If a veteran does not choose to send the hearing aid(s) directly to the Denver Prosthetics Department, an appointment with the local VA Audiologist can also be made to receive hearing care services including hearing aid repair.
The veteran can also choose to contact TriWest and ask for additional appointments with a local Community Care provider. Once the provider has received TriWest authorization, the veteran can make an appointment so the hearing aid(s) can be examined and the determination will be made if repairs by the manufacturer are required. The provider will have to submit a request to the Denver Prosthetics Department for repair and wait for the authorization before the hearing aid(s) can be mailed to the manufacturer. Admittedly, this process may take the longest.
Veterans and Tinnitus
Tinnitus is the number one disability among veterans. In fact, veterans may become service-connected separately for tinnitus even if previous Audiologic Evaluations do not reflect hearing loss. However, many veterans are service-connected for both hearing loss and tinnitus.
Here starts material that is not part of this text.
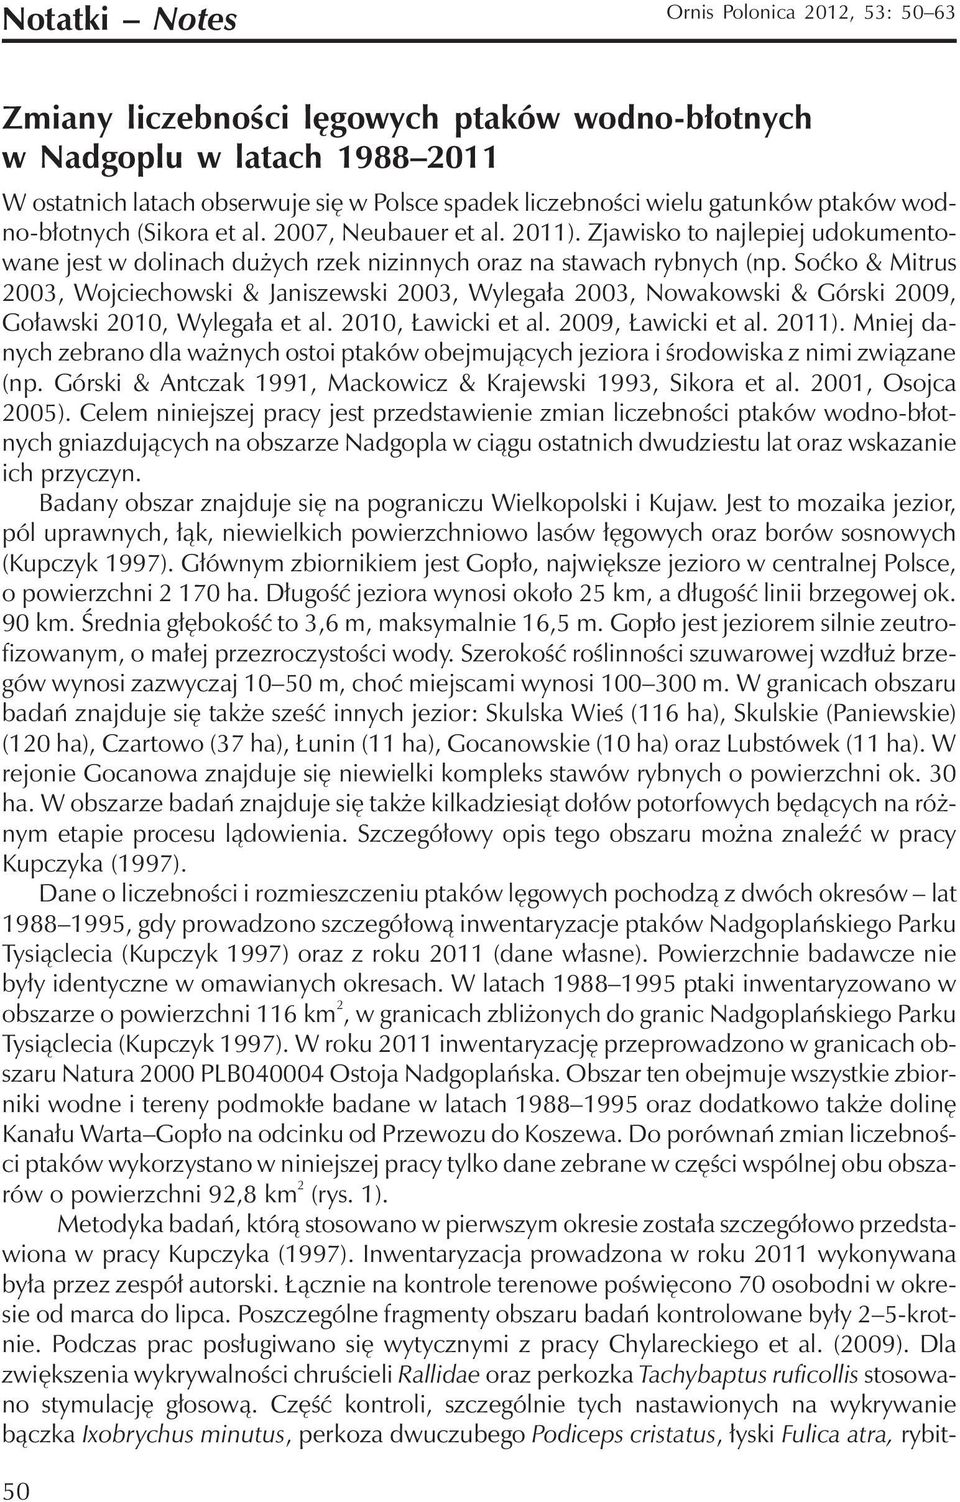 Soćko & Mitrus 2003, Wojciechowski & Janiszewski 2003, Wylegała 2003, Nowakowski & Górski 2009, Goławski 2010, Wylegała et al. 2010, Ławicki et al. 2009, Ławicki et al. 2011).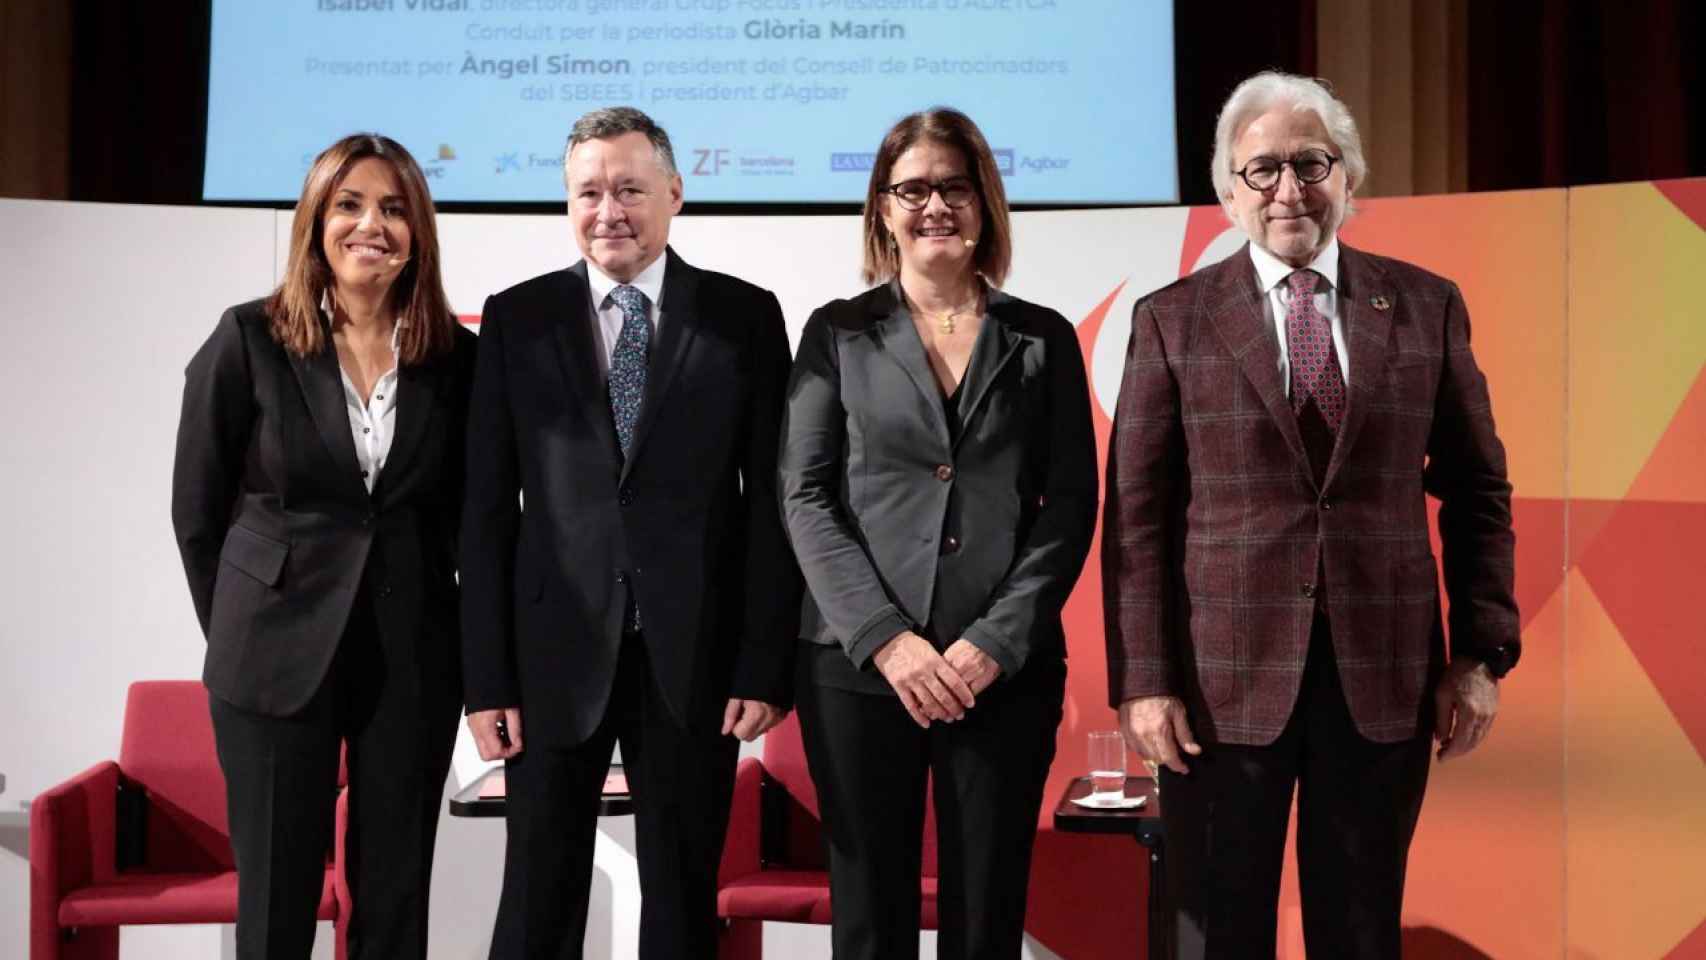 Isabel Vidal, Ángel Simón, Glòria Marín y Josep Sánchez Llibre, en Foment / MA

For veterans with hearing loss, the most common treatment approach is providing amplification devices such as hearing aids. Many manufacturers have separate tinnitus programs in an attempt to provide relief in the quiet environments where tinnitus is the most noticeable.
For veterans without hearing loss, tinnitus maskers may be recommended.
Tinnitus sufferers may also benefit from biofeedback approaches, dietary changes, antidepressants, acupuncture, and stress management. Chiropractors may also provide tinnitus relief with cervical spine maneuvers.